Differences between revisions 15 and 16

Fitting a regression model assuming two changepoints

For two changepoints, K1 and K2, the regression can be parameterised as:

Y = A + B1 (time-K1) I(time<=K1) + B2 (time-K1) I(K1 <= time <= K2) + B3 (time-K2) I(time >=K2)

where A is the predicted average response at K1, A + B2 (K2-K1) is the predicted average response at K2, B1 is the change upto and including K1, B2 is the change between K1 and K2 and B3 is the change from K2 onwards and I() is the indicator function.

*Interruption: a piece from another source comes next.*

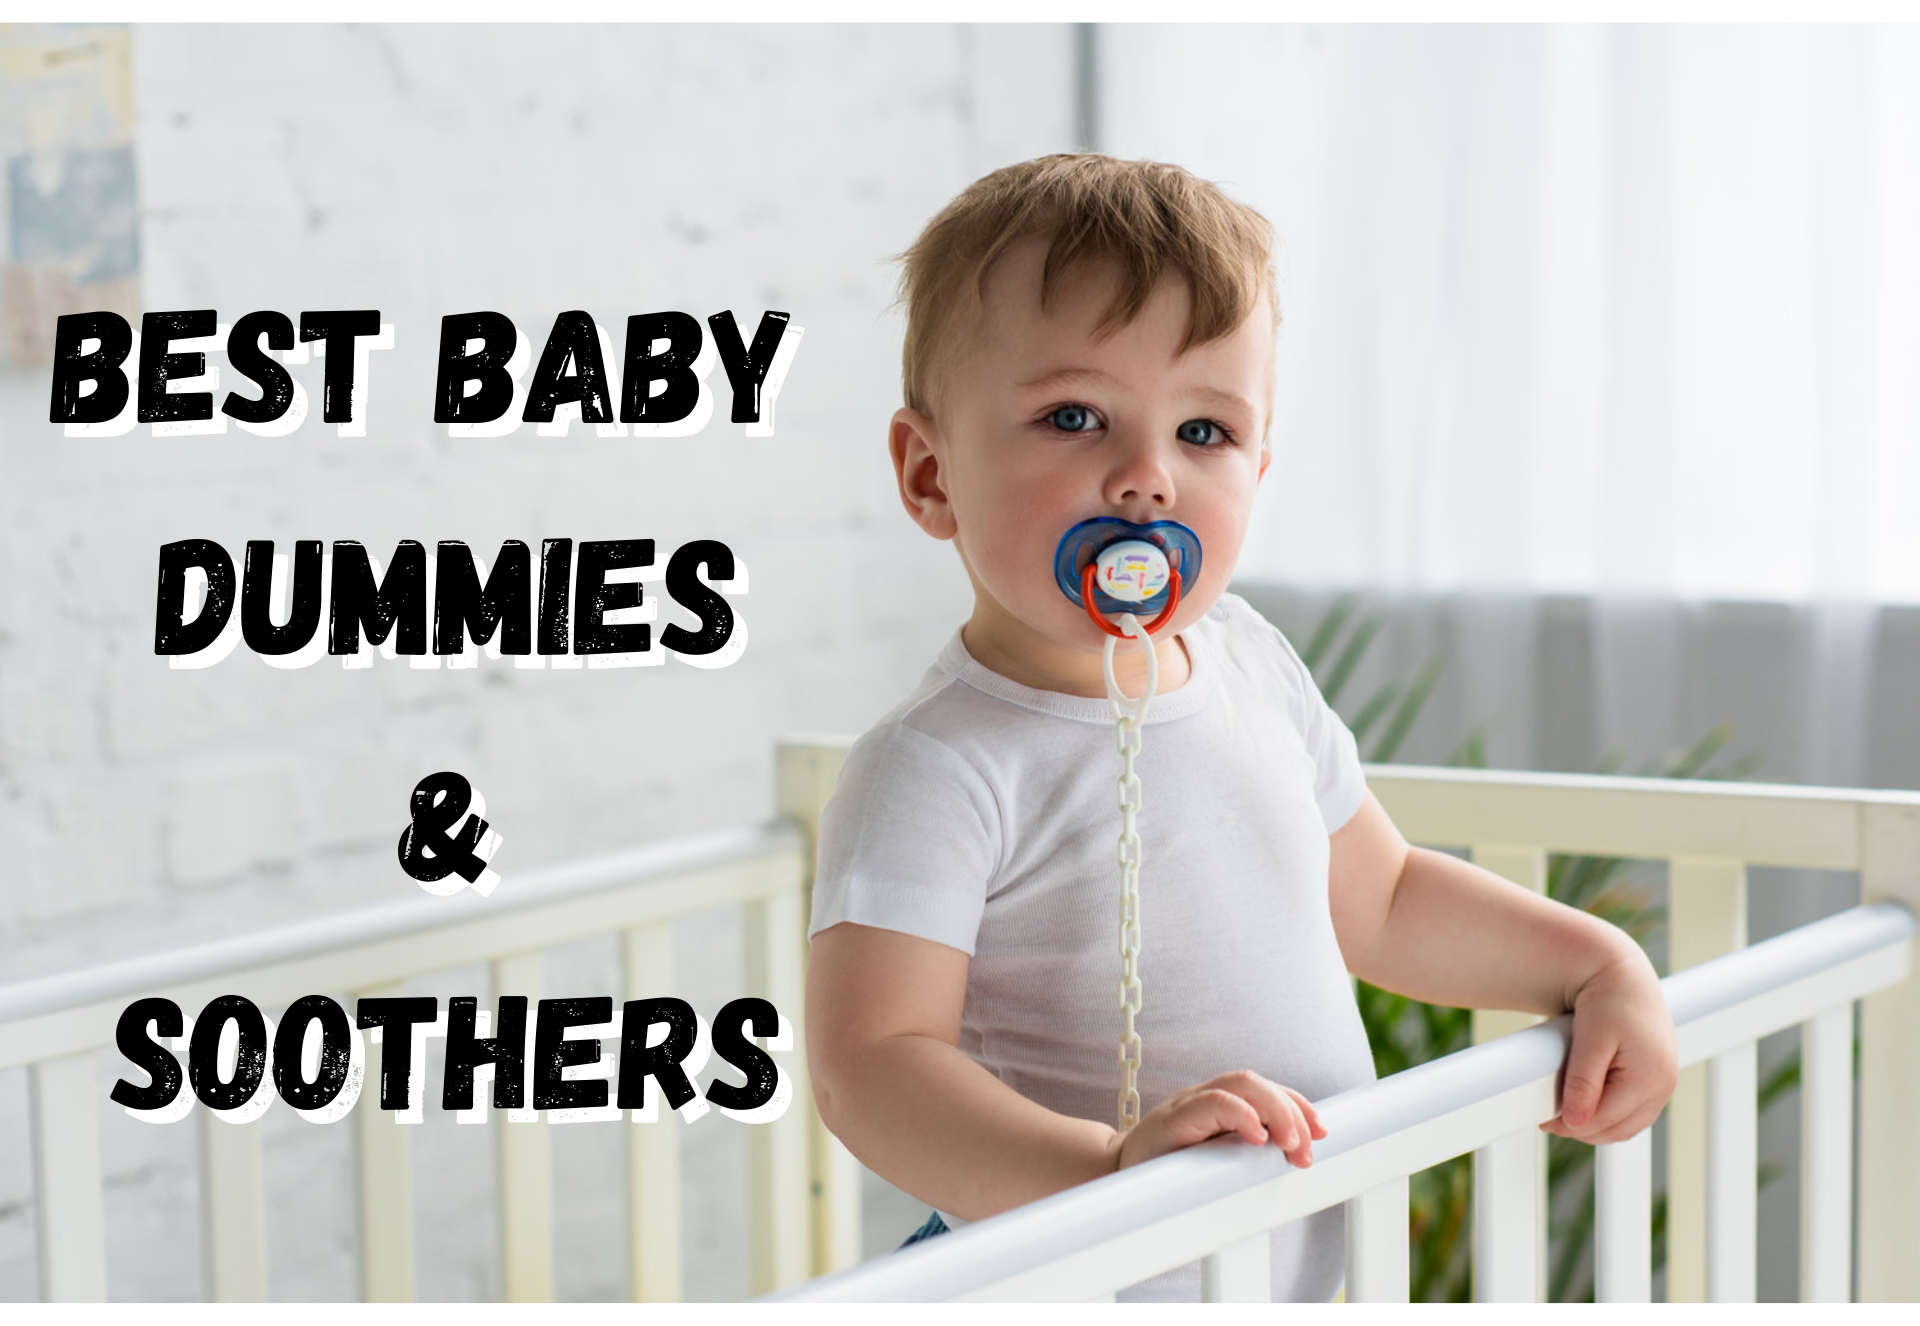 BEST BABY DUMMIES & SOOTHERS

In fact it follows the general parameterisation for a model with J-1 changepoints (separating J lines) is $$Y = A + B_text{1} (\mbox{time}-K_text{1}) I(\mbox{time} <= K_text{1}) + \sum_text{i}^text{J-1} [B_text{i} (\mbox{time}-K_text{i-1}) I(K_text{i-1} <= \mbox{time} <= K_text{i}) ] + B_text{J} (\mbox{time} - K_text{J-1}) I(\mbox{time} >= K_text{J-1}) $$

where A is the predicted average response at $$K_text{1}$$, $$A + B_text{i} (k_text{i}-k_text{i-1})$$ is the predicted response at $$K_text{i}$$ (i > 1) and $$B_text{i}$$ is the slope of the line leading up to $$K_text{i}$$.

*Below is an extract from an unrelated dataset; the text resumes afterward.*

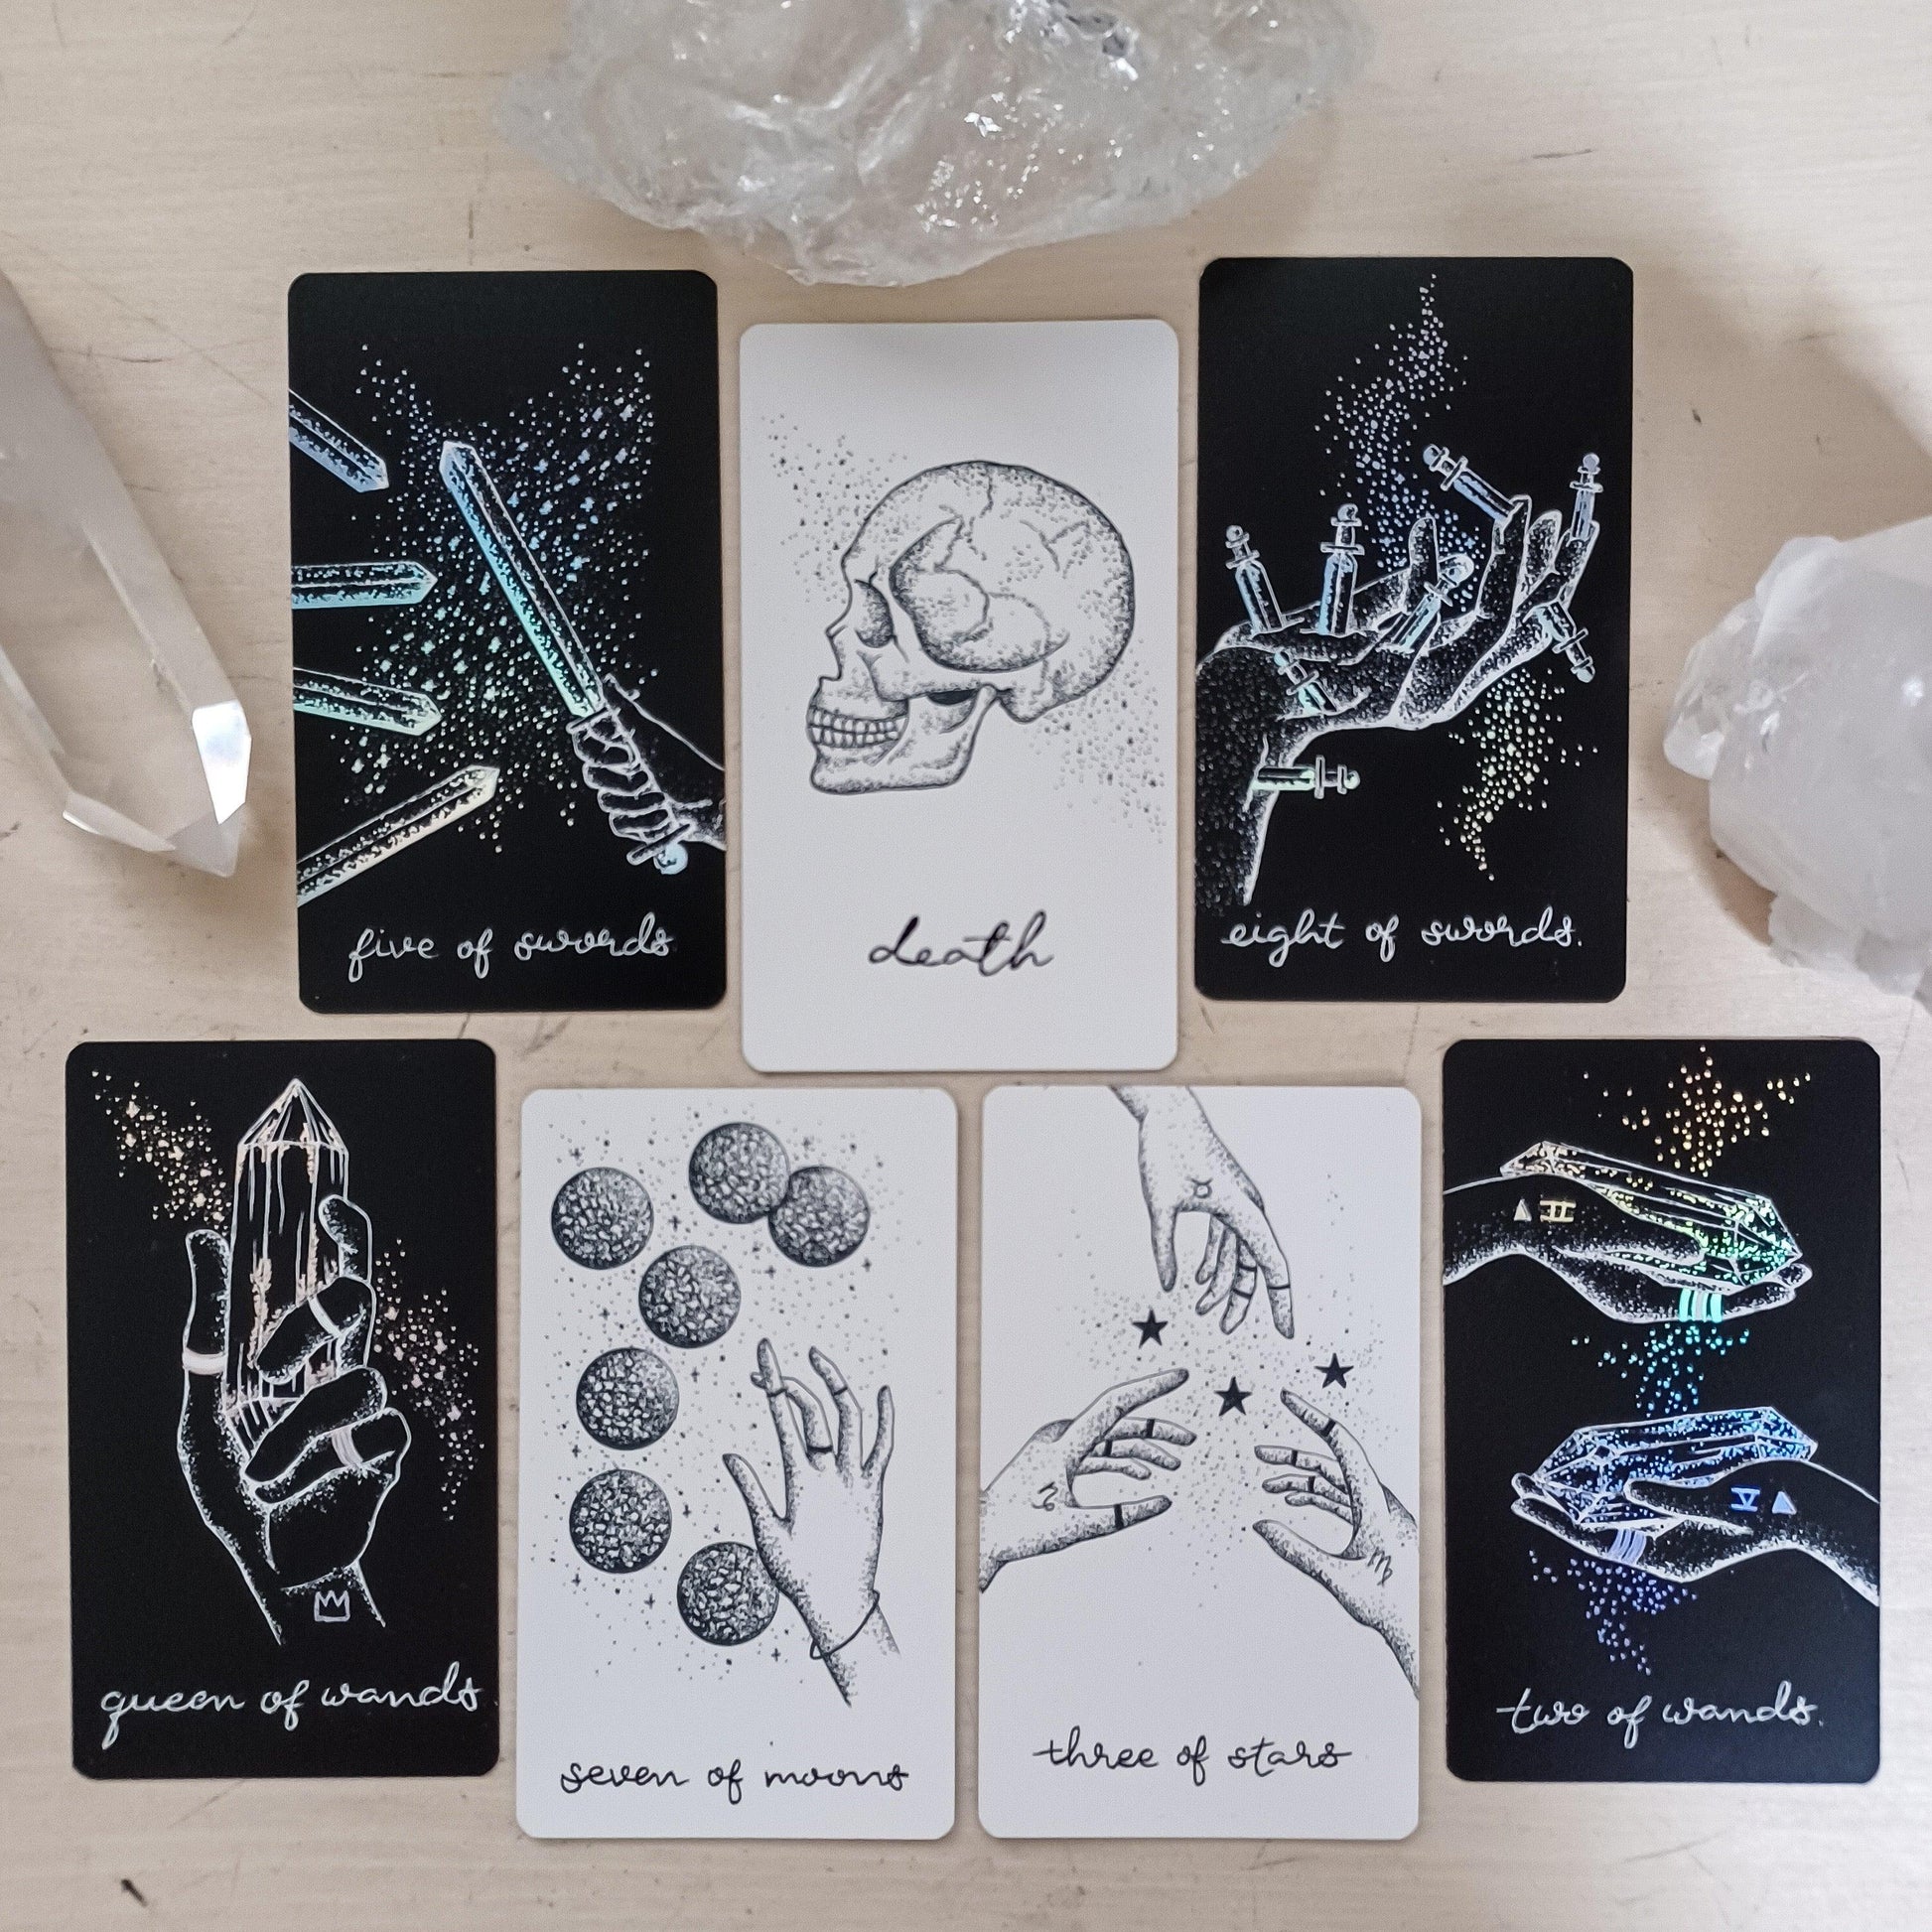 tarot cards from Midnight Sky with tarot cards from Wandering Moon Tarot, inverted black & white

As a first step we plot the example data (dat) using the R code below.

npts <- 11
grp <- c(1:npts)
dat <- c(10,10,11,10,11,9,4,2,3,5,9)
stripchart(grp ~ dat, method = "stack")

The data from the 11 time points appear to have two changepoints with an initial flat phase followed by a sharp decrease which culminates in a sharp increase towards the end of the series. The code below fits this two changepoint model in R to the above data set, dat.

npts <- 11

grp <- c(1:npts)
dat <- c(10,10,11,10,11,9,4,2,3,5,9)

rss2 <- matrix(NA,npts,npts)

for (k1 in 1:npts-1) {
 for (k2 in (k1+1):npts) {
gp1 <- rep(0,npts)
gp1 <- (grp[]-k1) * (grp[]-k1 <= 0)
   
gp2 <- rep(0,npts)
gp2 <- (grp[]-k1) * (grp[]-k1 >= 0) * (grp[]-k2 <=0)

gp3 <- rep(0,npts)
gp3 <- (grp[]-k2) * (grp[]-k2 >= 0)

out <- lm(dat ~ gp1 + gp2 + gp3)
out

rss2[k1,k2] <- sum(out$residuals^2)
}
}

coor <- which(rss2 == min(rss2,na.rm=TRUE), arr.ind = TRUE)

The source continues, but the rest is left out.